Records from a data source

--- START ---

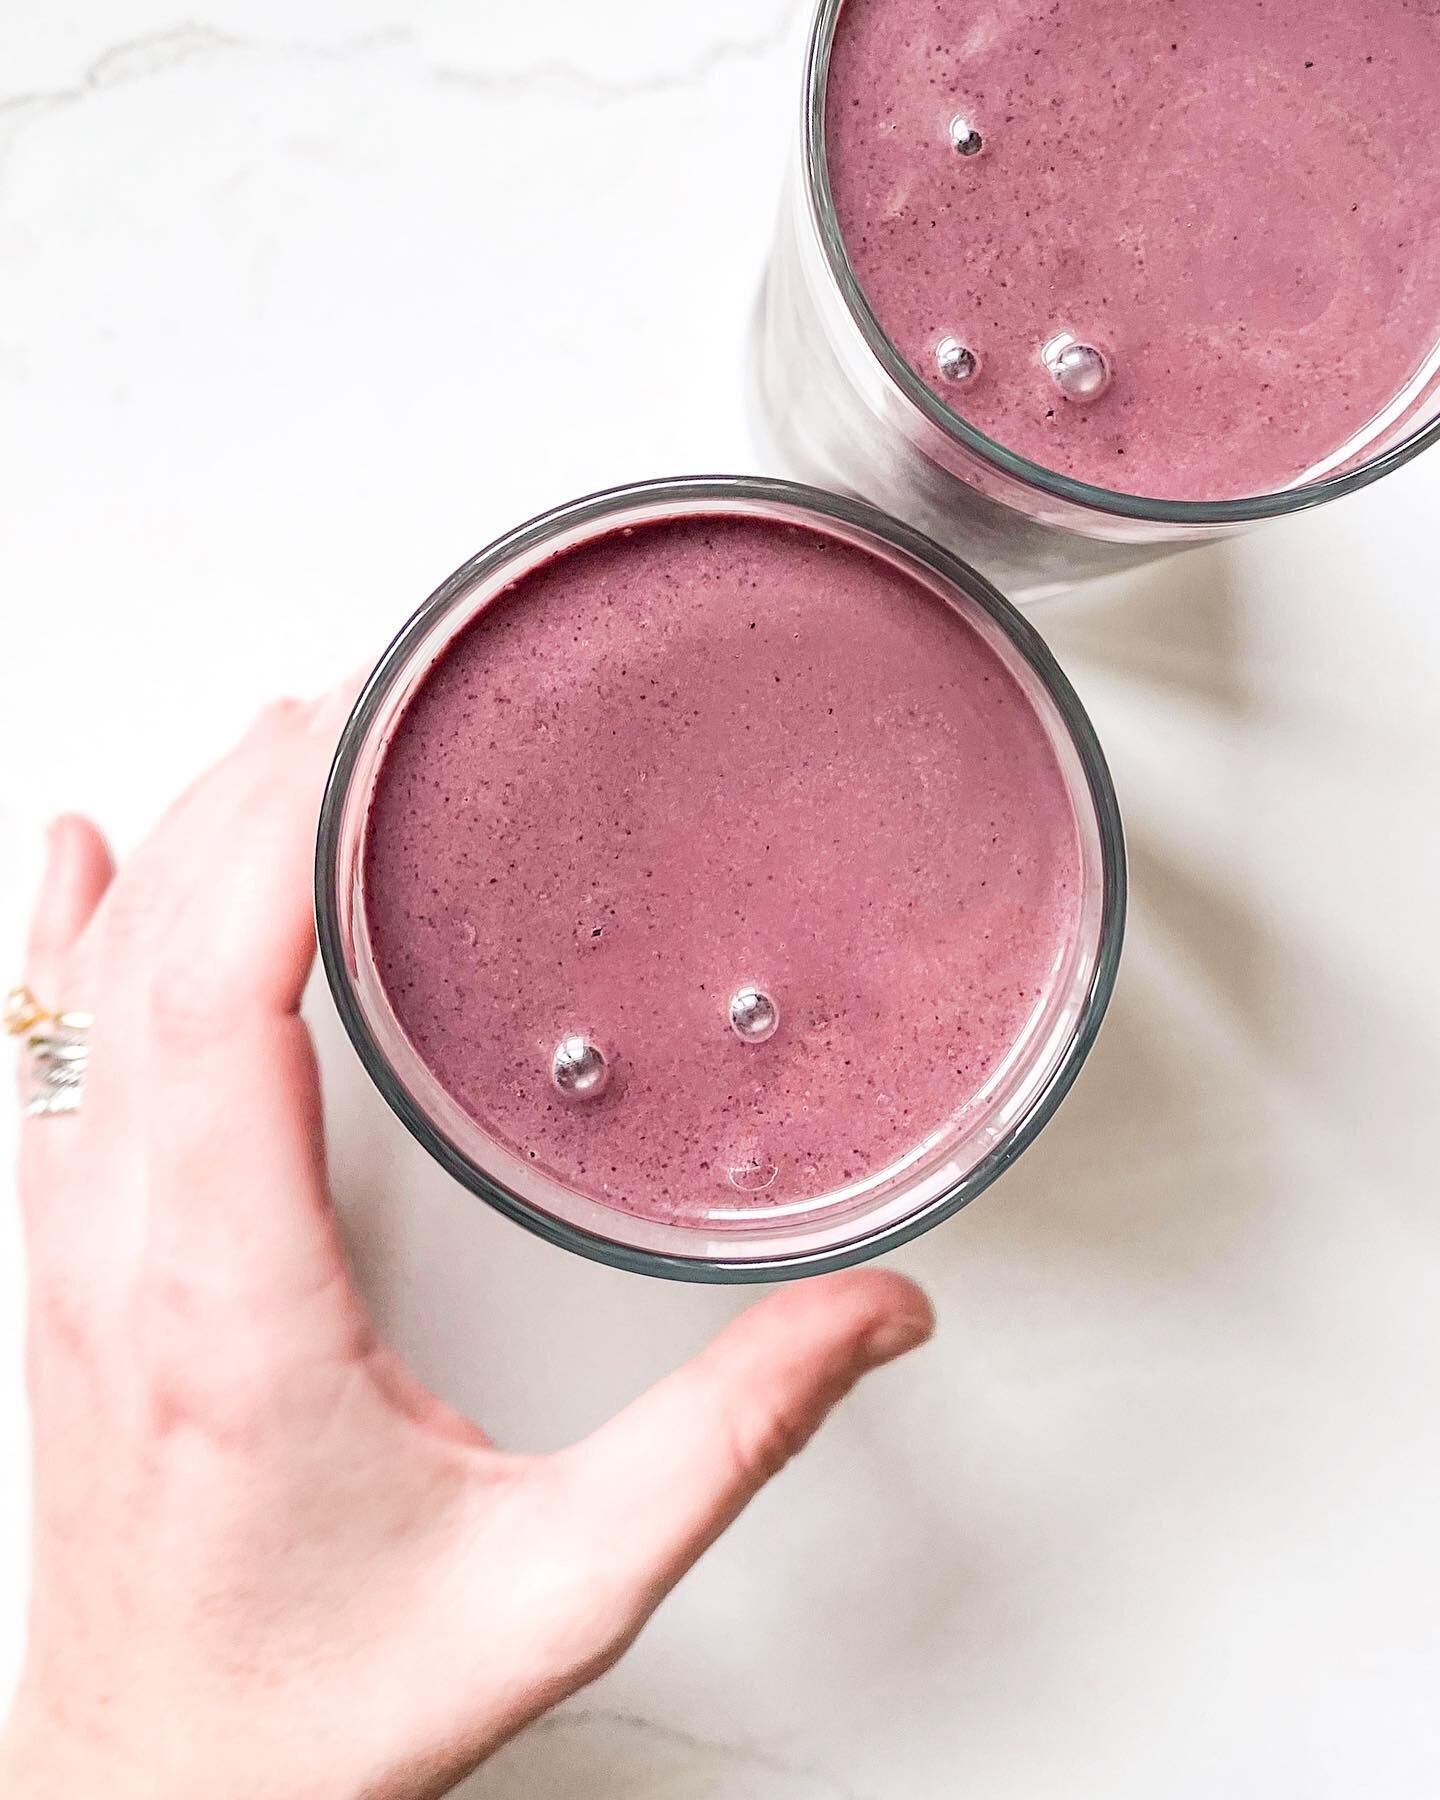 Lately Aaron and I have been LOVING this Blueberry Cacao Smoothie. Save this post for the quick recipe!

Blueberry Cacao Smoothie🫐🍫
Makes 2 smoothies.
- 1.5 c almond milk
- 1 lg handful of spinach
- 1/2 frozen banana
- 1.5 c frozen wild blueberries
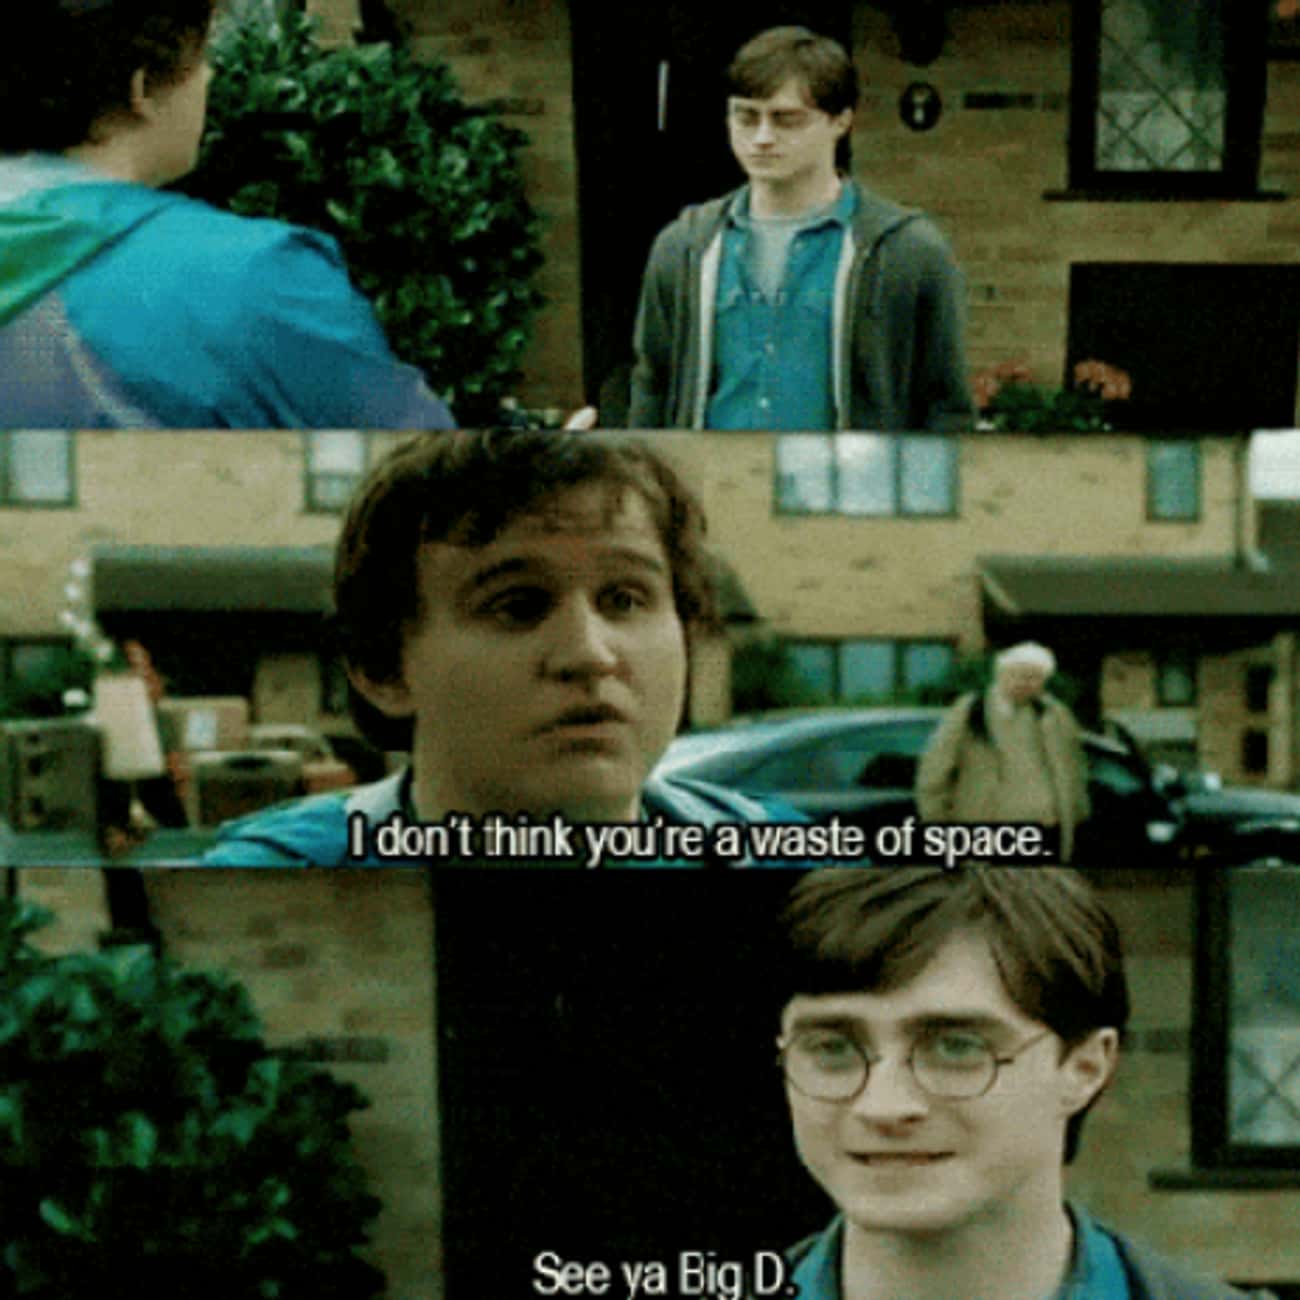 Dudley Tells Harry Potter He's Not A Waste Of Space (Deathly Hallows)

--- END ---

TASK GOAL: Working from the records above, reproduce exactly the lines from the one with "- 1.5 c almond milk" through the last line, without the pictures.

EXERCISE RESPONSE:
- 1.5 c almond milk
- 1 lg handful of spinach
- 1/2 frozen banana
- 1.5 c frozen wild blueberries
 Dudley Tells Harry Potter He's Not A Waste Of Space (Deathly Hallows)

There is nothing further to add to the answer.